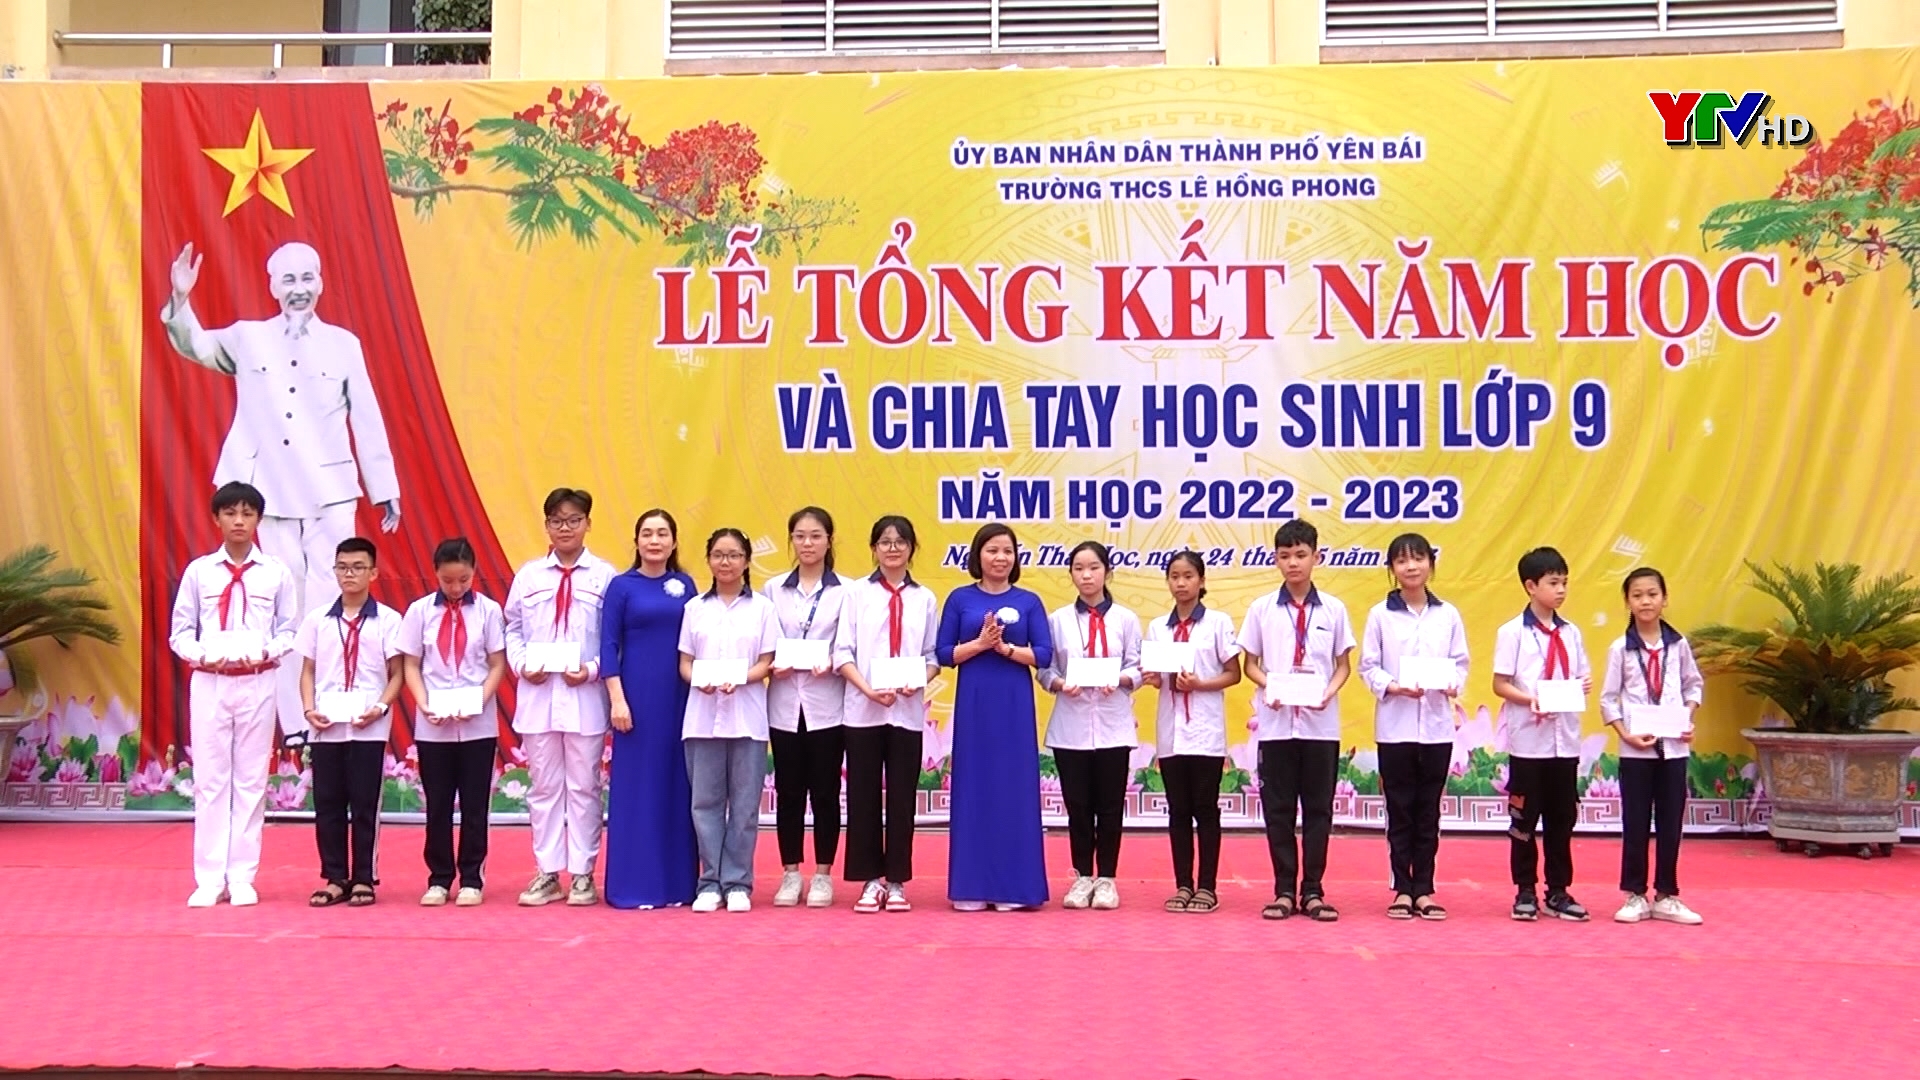 Trường THCS Lê Hồng Phong, TP Yên Bái: 71% học sinh có học lực khá, giỏi
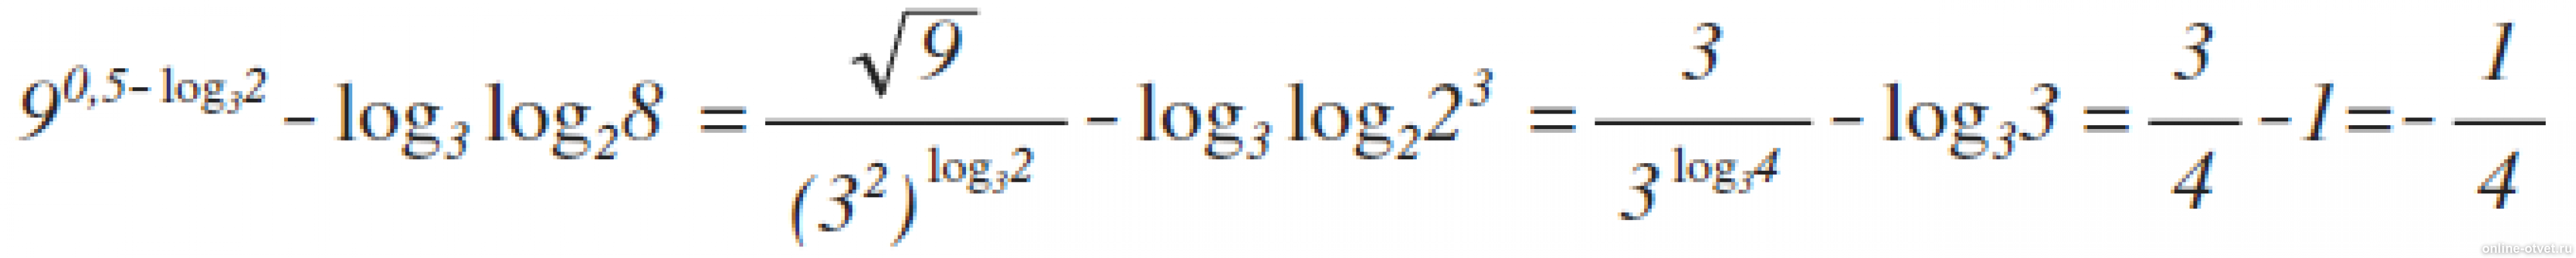 9 В степени 0.5 log 3 2 log3. 8 В степени 2 + log. Log x по основанию y в степени 2. Лог x по основанию корень из 3.
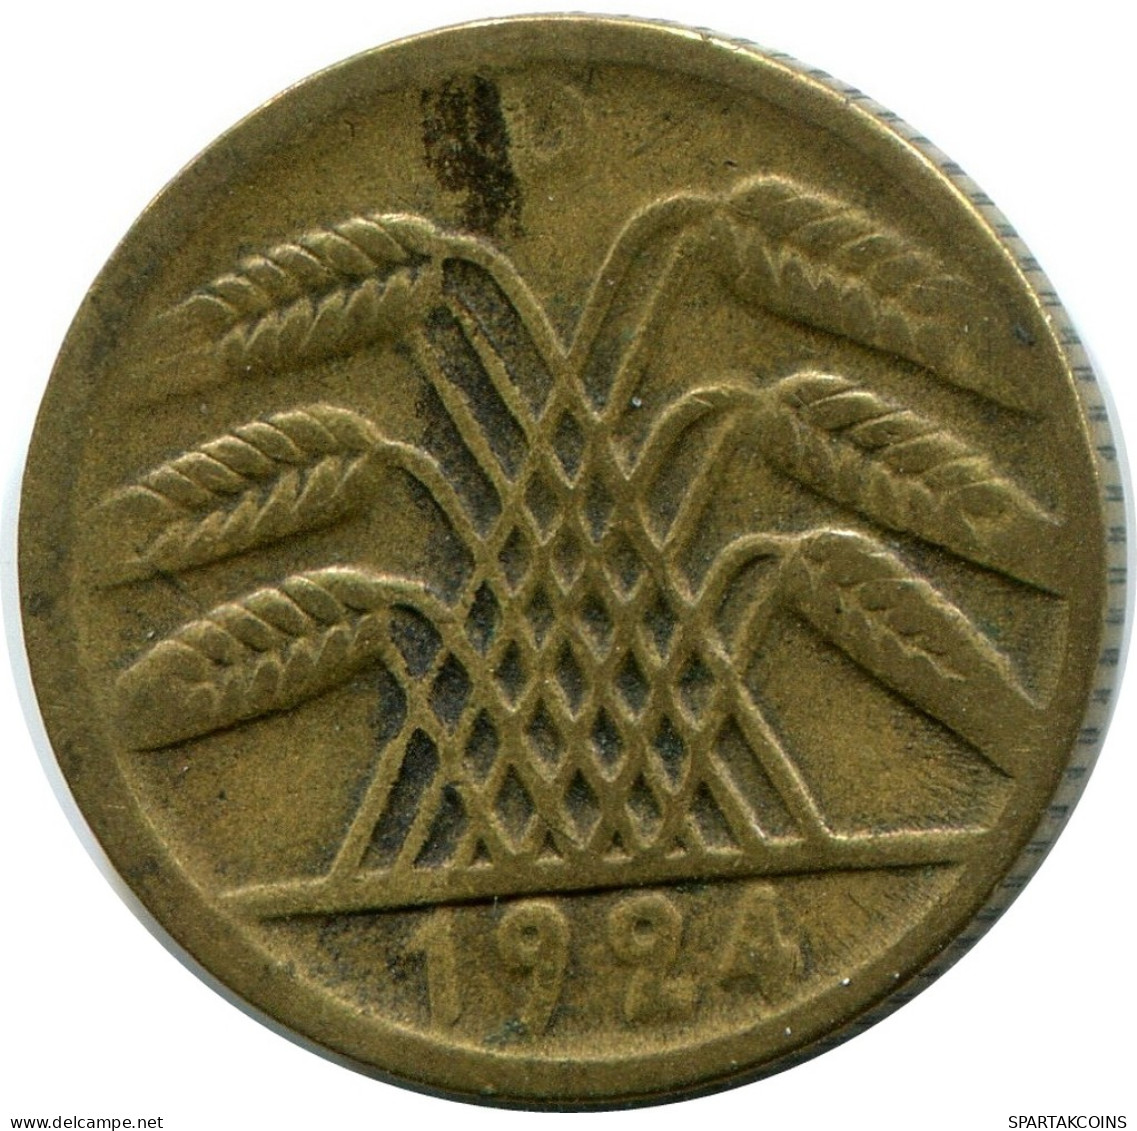 5 RENTENPFENNIG 1924 D ALEMANIA Moneda GERMANY #DB869.E - 5 Rentenpfennig & 5 Reichspfennig

**Brief**
An exact, image-free transcript of the material is required.

**Response to this exercise**
 Trường THCS Lê Hồng Phong, TP Yên Bái: 71% học sinh có học lực khá, giỏi
 9 В степени 0.5 log 3 2 log3. 8 В степени 2 + log. Log x по основанию y в степени 2. Лог x по основанию корень из 3.
 5 RENTENPFENNIG 1924 D ALEMANIA Moneda GERMANY #DB869.E - 5 Rentenpfennig & 5 Reichspfennig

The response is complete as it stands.